Wednesday, July 6, 2011

On the Pony Express Trail -- July 5 2011


July 5, 2011 – Schellbourne Area  -- Today Cindy and I rode the El Capitan Stage road to El Capitan Pass and then climbed above the pass to the May Queen Mine and then to the ridge at 9000 feet.  Our camp is at 6400 feet so the climb was substantial.  The views of the Basin and Range territory were expansive at the top of the pass.  We could still see camp far below us on the alluvial apron leading to the valley floor.  On our climb we saw numerous signs of wild horses but we did not see any mustangs.  I wonder if any mustangs saw us.

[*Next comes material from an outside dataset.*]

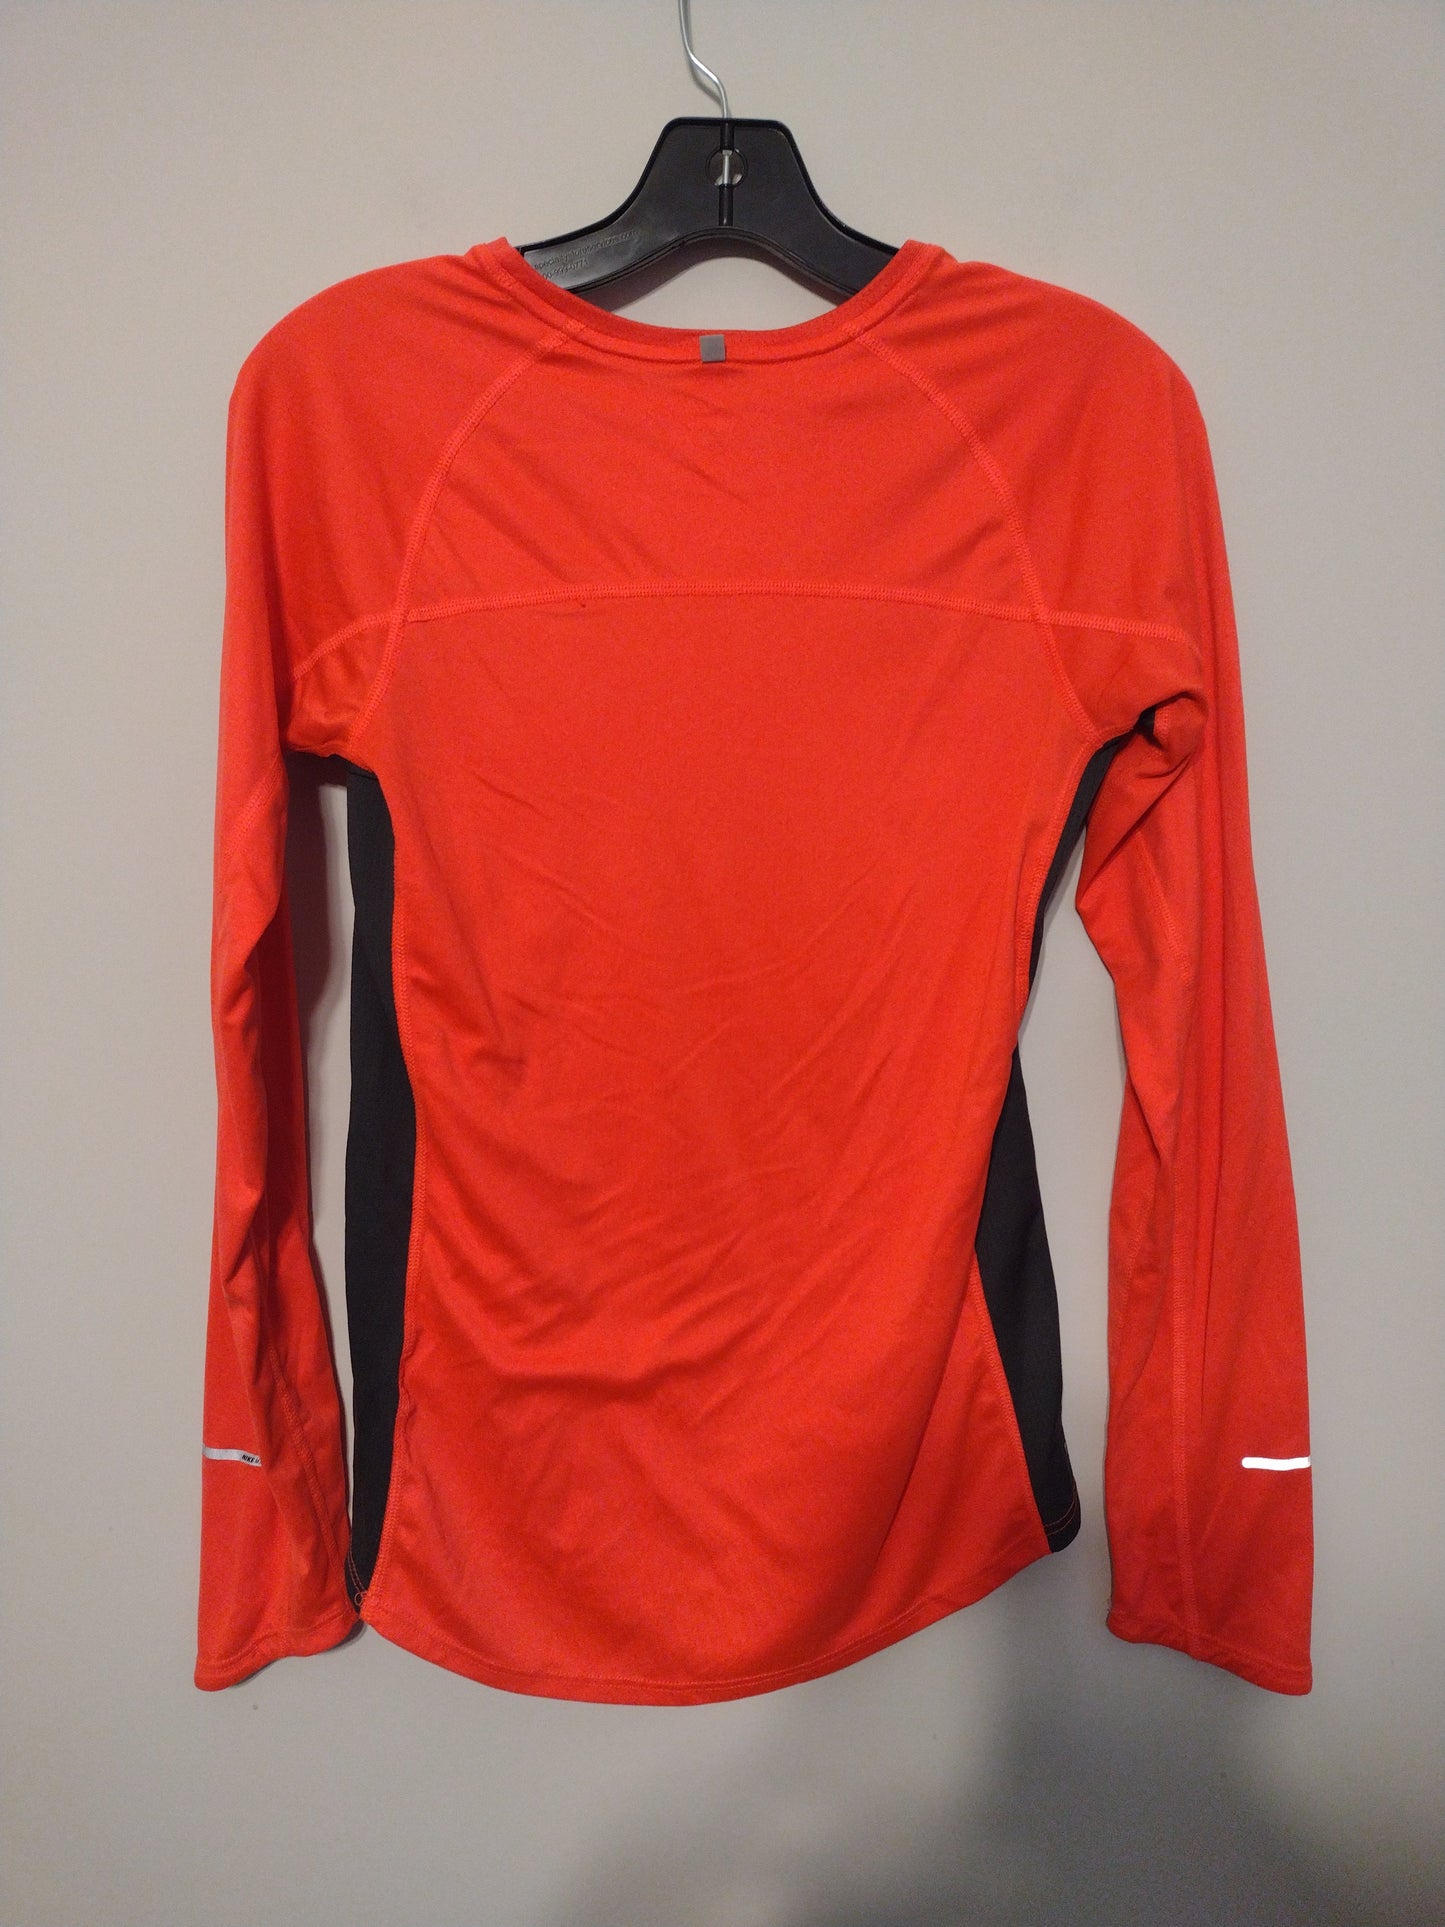 Athletic Top Long Sleeve Crewneck By Nike  Size: S

El Capitan Pass is higher than the Pony Express trail at Schellbourne Pass and we understand that the El Capitan Pass was used in the winter when the drifts closed Schellbourne Pass.  Even though El Capitan is a higher pass, the southwest exposure is said to have allowed winter passage by horses.  Certainly, both pass could be difficult in the winter and it is hard to believe that horses and mules hauled stages and wagons over El Capitan Pass because the trail is very steep in parts.

We poked around the mine ruins and found a rusted old spike used to nail the ore cart rail to a crosstie.  The wildflowers were in bloom and we passed a snow bank in the shelter of a rock outcropping.  The high terrain made me miss parts of Colorado.

Eventually, we turned the horses around and headed back down the trail to camp.  We led the horses down through the rocks and into the meadows of the secluded valley.  As we came around a corner, we saw a bay mustang stallion grazing on the grass.  The wind was blowing gently in our faces and he did not sense us at first.  Soon enough he noticed us and slipped off into the trees almost effortlessly.  He was quiet, surefooted, and quick.  From behind the forest we heard the mustang snort.  He passed back in front of us and headed up the other side of the valley with another mustang snort.  I think that the snort is a form of communication that can be a challenge or a territorial claim.  Our horses did not respond to the snorts and we continued down the trail.  Cindy and I talked about my mustang back in Idaho and we wondered he would have snorted back in response.

Wednesday and Thursday will be rest days and we plan to go to Ely Nevada for supplies and to do laundry tomorrow.  We'll rest in camp on Thursday and then head west across Nevada for another five days of riding beginning on Friday.